What can I do to make my credit score better?
The number one thing that you can do to make your credit scores better is one of the most simple – seemingly.
Whether you’re in the market for credit or not, you should always pay your bills on time!
This includes credit cards or loan repayments.
We know it can be tricky to keep up with these, but online banking these days makes it much easier to never miss a bill payment by setting up reminders or scheduled payments.
That way you should never miss a payment – even if you’re on holiday at the time!
We always recommend paying off credit card balances in full in every month, but when it comes to your credit score it’s not the balance that’s the most important, it’s the credit card limit.
So, as well as paying off the balance monthly, consider lowering the limit from, say, $15,000 to $5,000 because it will be the limit that will be used in your credit score calculation rather than the balance.
Of course, this is even more critical if you have more than one credit card because all of the limits across the cards will be included in the calculation of your credit score.
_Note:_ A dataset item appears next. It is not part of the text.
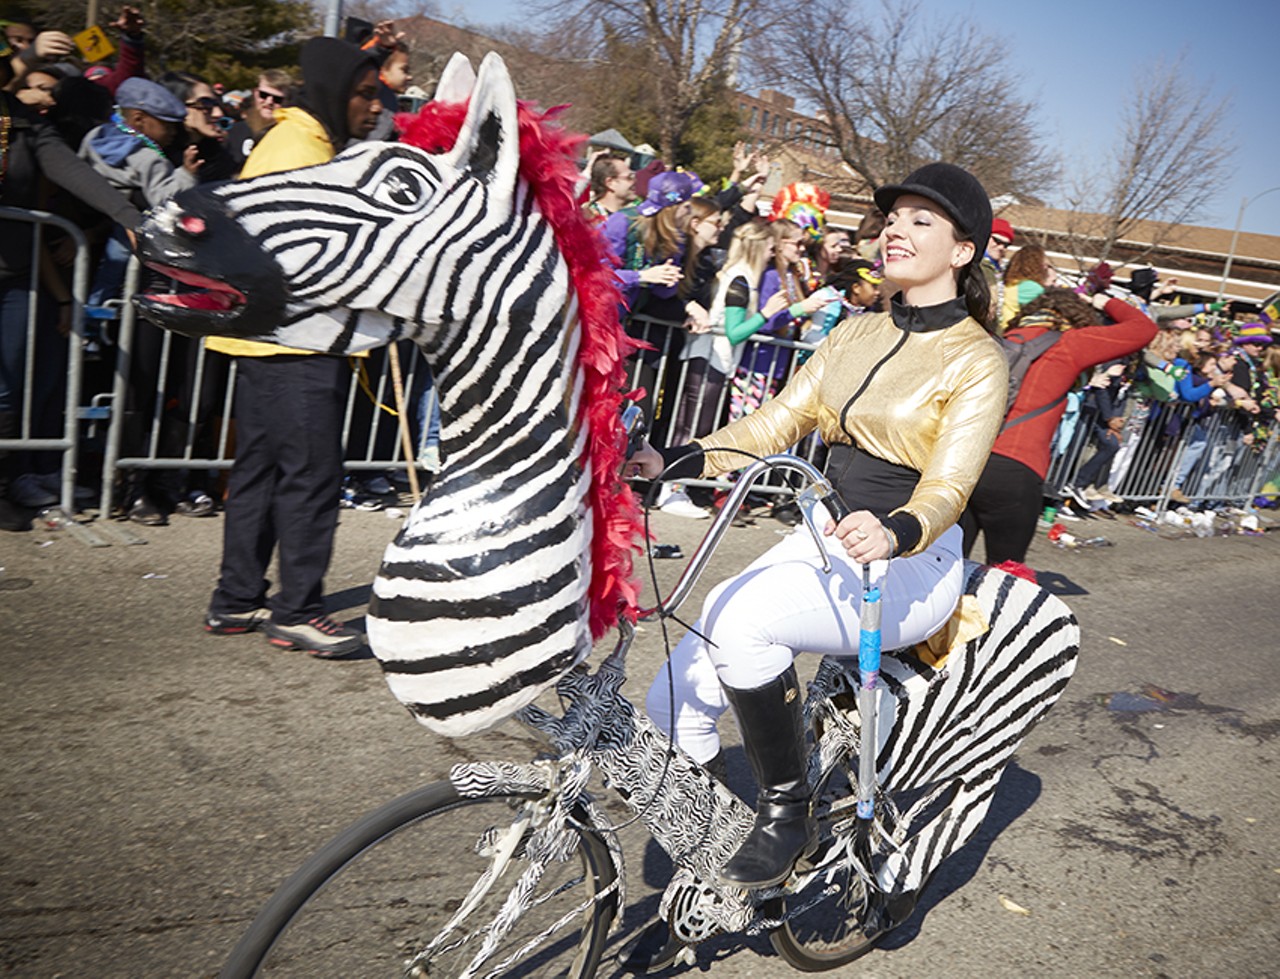 This lady regally pedaling a zebra.

In fact, it’s a better policy to axe any credit cards that you don’t use or are just there for a “rainy day” because that will likely have a favourable impact on your credit score.
Also if don’t have a credit card (which isn’t necessarily a bad thing) you should consider getting one – as long as you can pay off the balance every month.
You see, the thing is, your credit score is partly assessed on your ability to manage debt such as a credit card or a personal loan, so it’s important that you can show that you’re responsible and can pay off debt promptly.